I'm working on a ShinyApp in R where I want to draw hundreds of arrows displayed in an rglwidgetOutput whenever the respective checkbox is selected. However, my screen is freezing for a couple of seconds whenever I select the checkbox and now I'm wondering if there is a more efficient way to draw the arrows.
Here is a minimal example (outside of Shiny):
library(rgl)
mat0 = matrix(rep(1:10,3), ncol = 3) # 1:n to adjust number of points
mat1 = cbind(mat0[,1]*cos(seq(0,2*pi,length = 10)) - mat0[,2] * sin(seq(0,2*pi,length = 10)),
mat0[,1]*sin(seq(0,2*pi,length = 10)) + mat0[,2] * cos(seq(0,2*pi,length = 10)),
mat0[,3])
mat1 = mat1 + 0.5
open3d()
plot3d(mat0[2:9,], aspect = FALSE, axes = FALSE, xlab = "", ylab ="", zlab = "", col = 1)
plot3d(mat1[2:9,], add = TRUE, col = 2)
for(i in 2:9) arrow3d(mat0[i,], mat1[i,], type = "rotation")
All points can be drawn in a single expression (e.g. plot3d(mat0[2:9,]), however to draw the arrows a loop is required. Is there a way to draw all arrows at the same time within a single expression? The arrows have different lengths, orientation and points of origin. Therefore I believe I cannot use the spriteOrigin argument or do I misunderstand this? I have also looked into the vectors3d function from the matlib library but it seems a single point of origin is required. I'm also not sure if the perfomance issue maybe comes from an inefficient design of the server function within my shiny application.

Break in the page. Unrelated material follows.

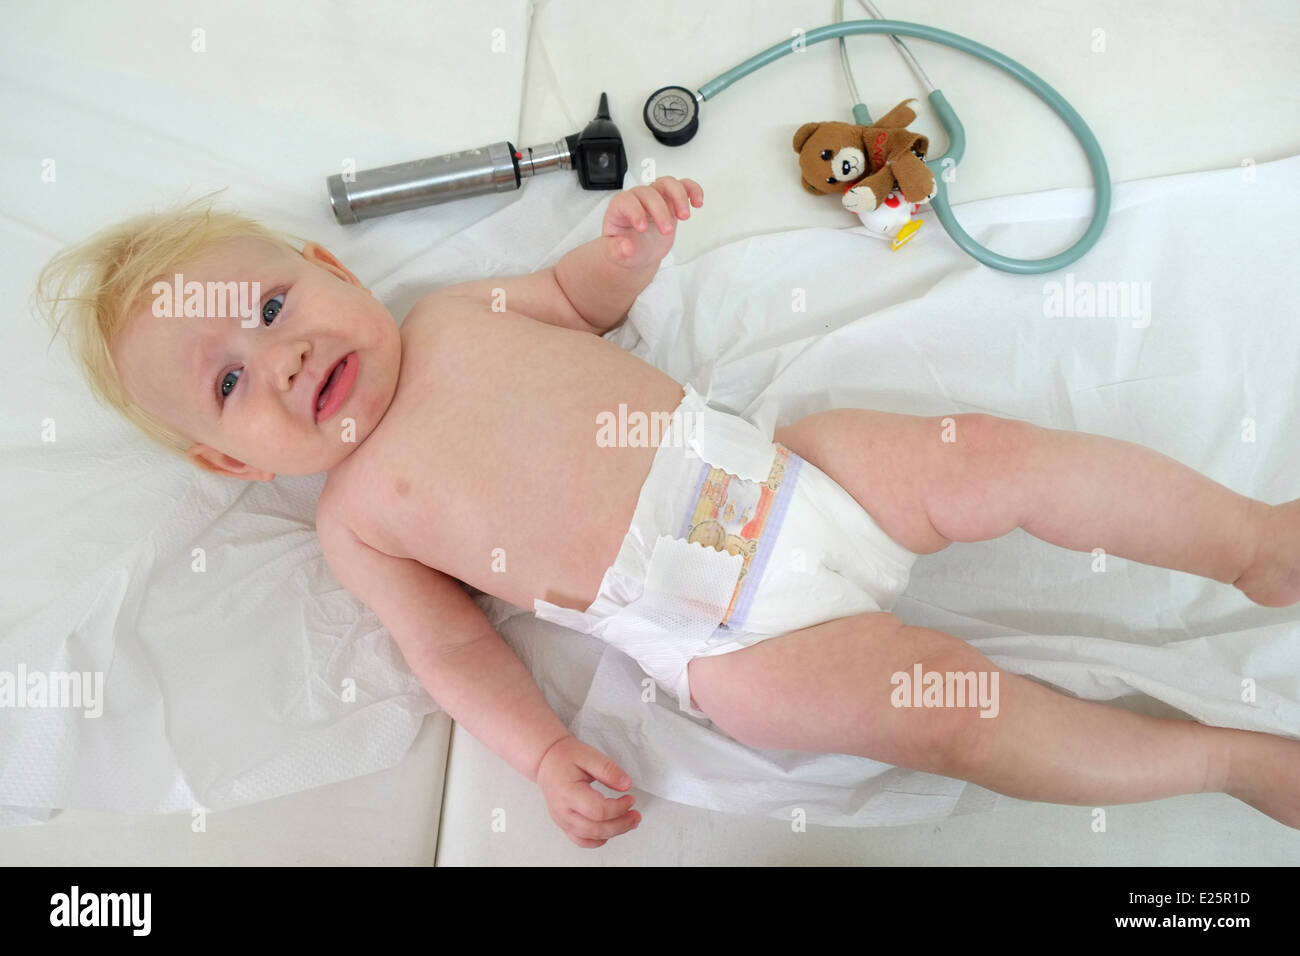 A crying baby at a routine visit at the doctor Stock Photo

A more elaborate example:
library(shiny)
library(rgl)
# Define UI for application
ui <- fluidPage(
# Application title
titlePanel("Test"),
# Sidebar with checkbox
sidebarLayout(
sidebarPanel(
checkboxInput("cb", "Show Arrows", value = FALSE),
),
# Show plot
mainPanel(
rglwidgetOutput(outputId = "threeDPlot", width = "1200px", height = "800px")
)
)
)
# Define server logic
server <- function(input, output) {
#create 3D Plot
output$threeDPlot = renderRglwidget({
rgl.open(useNULL=TRUE)
rgl.bg(color="white")
plot3d(mat0[2:9,], aspect = FALSE, axes = FALSE, xlab = "", ylab = "", zlab = "", col = 1)

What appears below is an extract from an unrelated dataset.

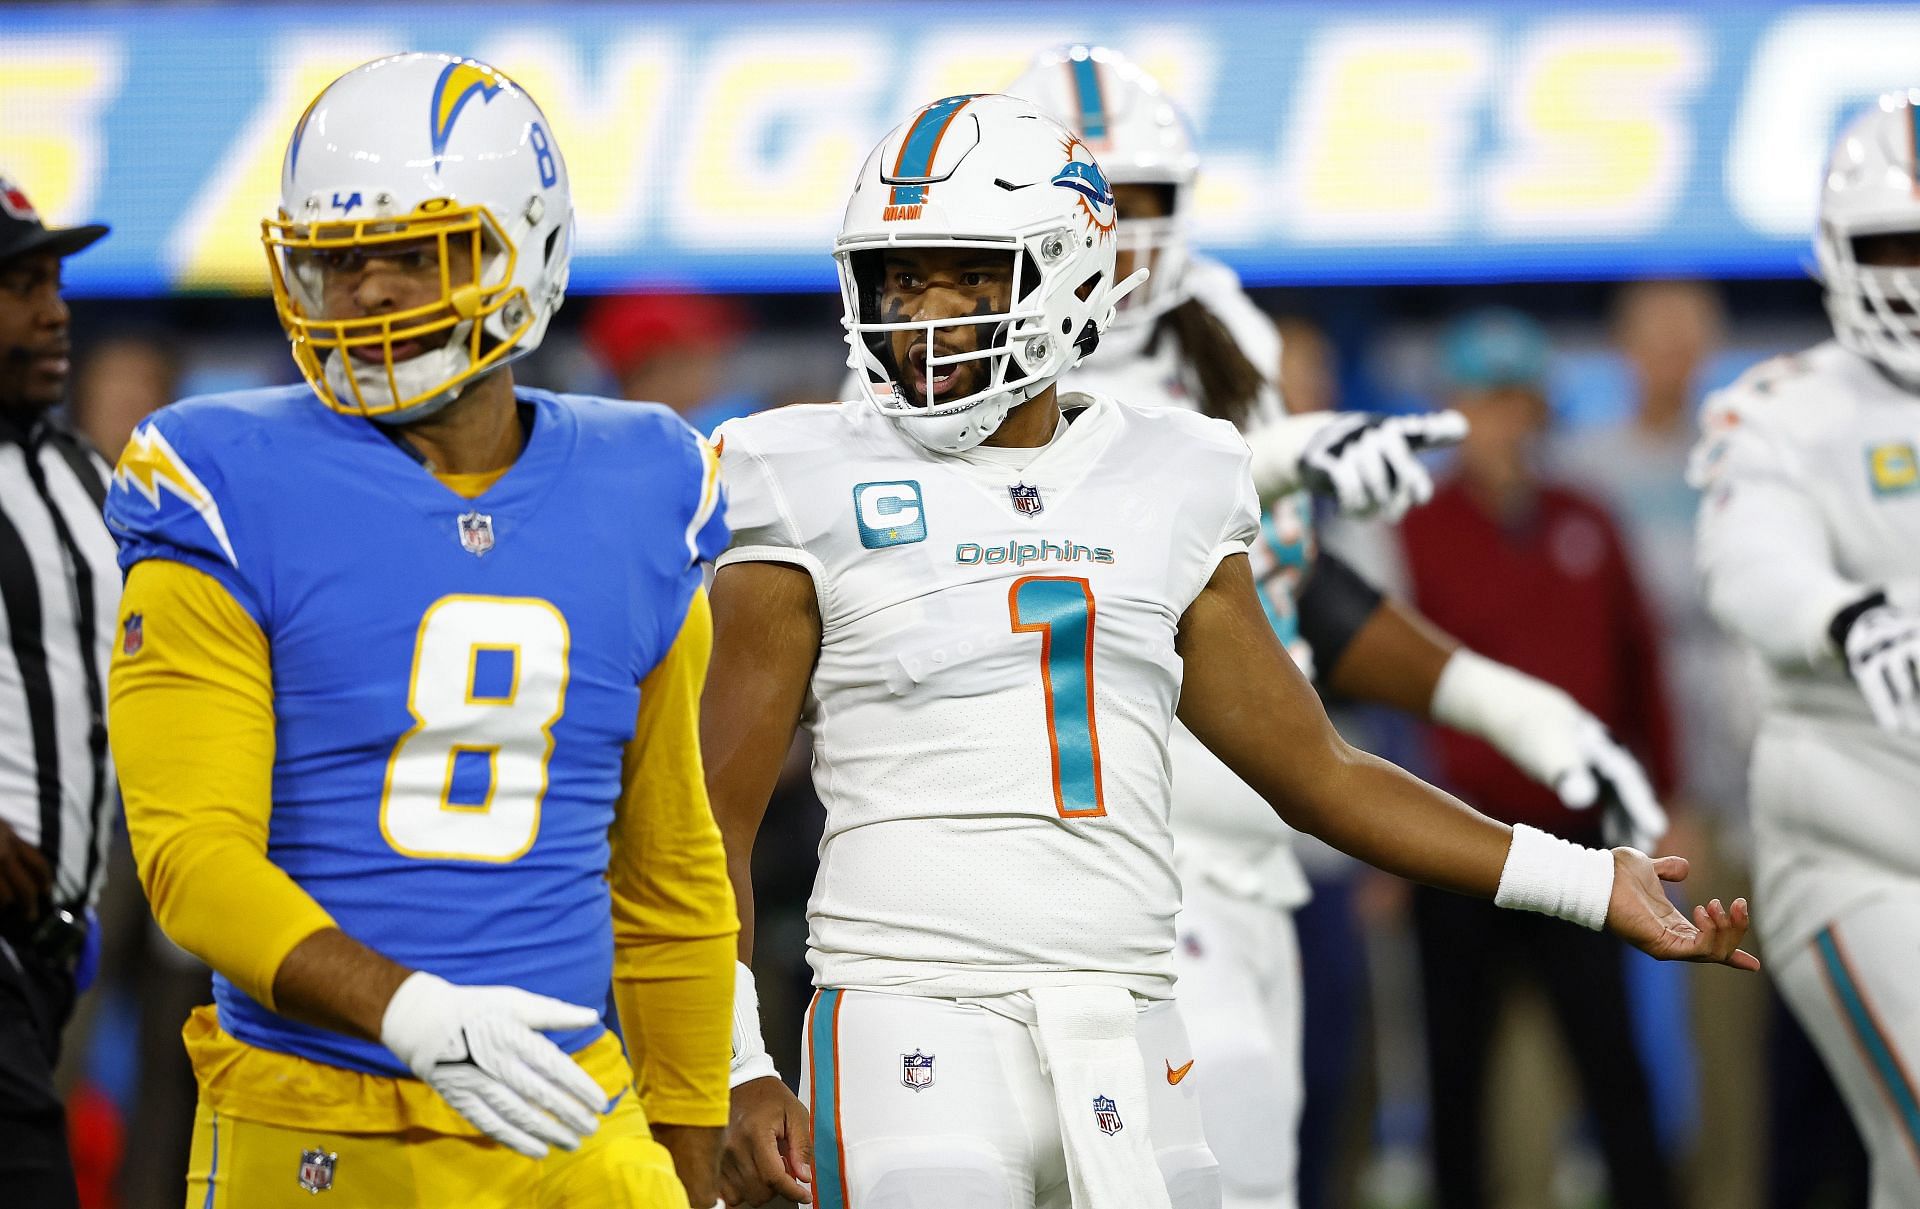 Miami Dolphins vs. Los Angeles Chargers

plot3d(mat1[2:9,], add = TRUE, col = 2)
if(input$cb == TRUE){
for(i in 2:9) arrow3d(mat0[i,], mat1[i,], type = "rotation")
}
rglwidget()
})
}
#global variables - read only once
mat0 = matrix(rep(1:10,3), ncol = 3)
mat1 = cbind(mat0[,1]*cos(seq(0,2*pi,length = 10)) - mat0[,2] * sin(seq(0,2*pi,length = 10)),
mat0[,1]*sin(seq(0,2*pi,length = 10)) + mat0[,2] * cos(seq(0,2*pi,length = 10)),
mat0[,3])
mat1 = mat1 + 0.5
# Run the application
shinyApp(ui = ui, server = server)
Note: in these examples only 8 arrows are drawn. With ~ 500 arrows the app is freezing for a while, though.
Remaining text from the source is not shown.